• _WORK ITEM_:
In the records that follow, find each line with "Foto" and pull it out.

• _RECORDS FOR PROCESSING_:
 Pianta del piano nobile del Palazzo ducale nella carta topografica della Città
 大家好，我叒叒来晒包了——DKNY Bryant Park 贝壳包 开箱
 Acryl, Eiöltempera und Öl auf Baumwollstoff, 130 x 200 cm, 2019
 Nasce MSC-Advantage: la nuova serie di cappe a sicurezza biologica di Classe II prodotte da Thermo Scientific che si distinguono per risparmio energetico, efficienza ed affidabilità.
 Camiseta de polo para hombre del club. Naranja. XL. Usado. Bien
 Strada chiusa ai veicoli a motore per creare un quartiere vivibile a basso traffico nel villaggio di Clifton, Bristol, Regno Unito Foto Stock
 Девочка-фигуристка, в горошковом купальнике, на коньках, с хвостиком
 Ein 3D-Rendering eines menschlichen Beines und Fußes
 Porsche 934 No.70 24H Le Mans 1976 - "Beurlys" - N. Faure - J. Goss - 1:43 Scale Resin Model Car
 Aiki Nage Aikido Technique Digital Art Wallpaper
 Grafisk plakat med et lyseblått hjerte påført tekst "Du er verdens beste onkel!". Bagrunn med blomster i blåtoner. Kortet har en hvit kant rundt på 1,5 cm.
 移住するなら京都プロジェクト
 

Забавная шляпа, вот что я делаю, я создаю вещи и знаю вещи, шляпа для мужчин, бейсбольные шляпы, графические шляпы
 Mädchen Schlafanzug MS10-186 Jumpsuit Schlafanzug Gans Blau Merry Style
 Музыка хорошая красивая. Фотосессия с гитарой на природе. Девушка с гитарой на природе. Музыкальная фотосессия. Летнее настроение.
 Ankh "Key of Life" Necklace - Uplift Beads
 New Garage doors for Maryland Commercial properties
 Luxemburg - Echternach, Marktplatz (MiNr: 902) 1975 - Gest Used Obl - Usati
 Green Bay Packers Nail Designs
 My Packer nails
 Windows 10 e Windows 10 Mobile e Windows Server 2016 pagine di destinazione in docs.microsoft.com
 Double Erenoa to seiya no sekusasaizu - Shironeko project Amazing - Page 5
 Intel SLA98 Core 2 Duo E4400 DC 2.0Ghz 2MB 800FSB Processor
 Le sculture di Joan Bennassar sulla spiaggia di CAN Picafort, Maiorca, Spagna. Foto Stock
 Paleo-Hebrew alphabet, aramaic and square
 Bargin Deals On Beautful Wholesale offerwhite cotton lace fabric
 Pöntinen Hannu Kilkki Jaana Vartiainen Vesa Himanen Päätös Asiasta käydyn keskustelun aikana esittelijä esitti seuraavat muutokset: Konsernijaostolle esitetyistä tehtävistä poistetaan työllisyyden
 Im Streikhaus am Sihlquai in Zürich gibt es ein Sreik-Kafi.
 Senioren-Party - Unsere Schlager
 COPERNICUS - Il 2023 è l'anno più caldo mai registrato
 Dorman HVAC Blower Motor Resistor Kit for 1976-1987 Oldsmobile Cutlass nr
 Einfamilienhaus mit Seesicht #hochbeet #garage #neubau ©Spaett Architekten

• _EXERCISE RESPONSE_:
 Strada chiusa ai veicoli a motore per creare un quartiere vivibile a basso traffico nel villaggio di Clifton, Bristol, Regno Unito Foto Stock
 Le sculture di Joan Bennassar sulla spiaggia di CAN Picafort, Maiorca, Spagna. Foto Stock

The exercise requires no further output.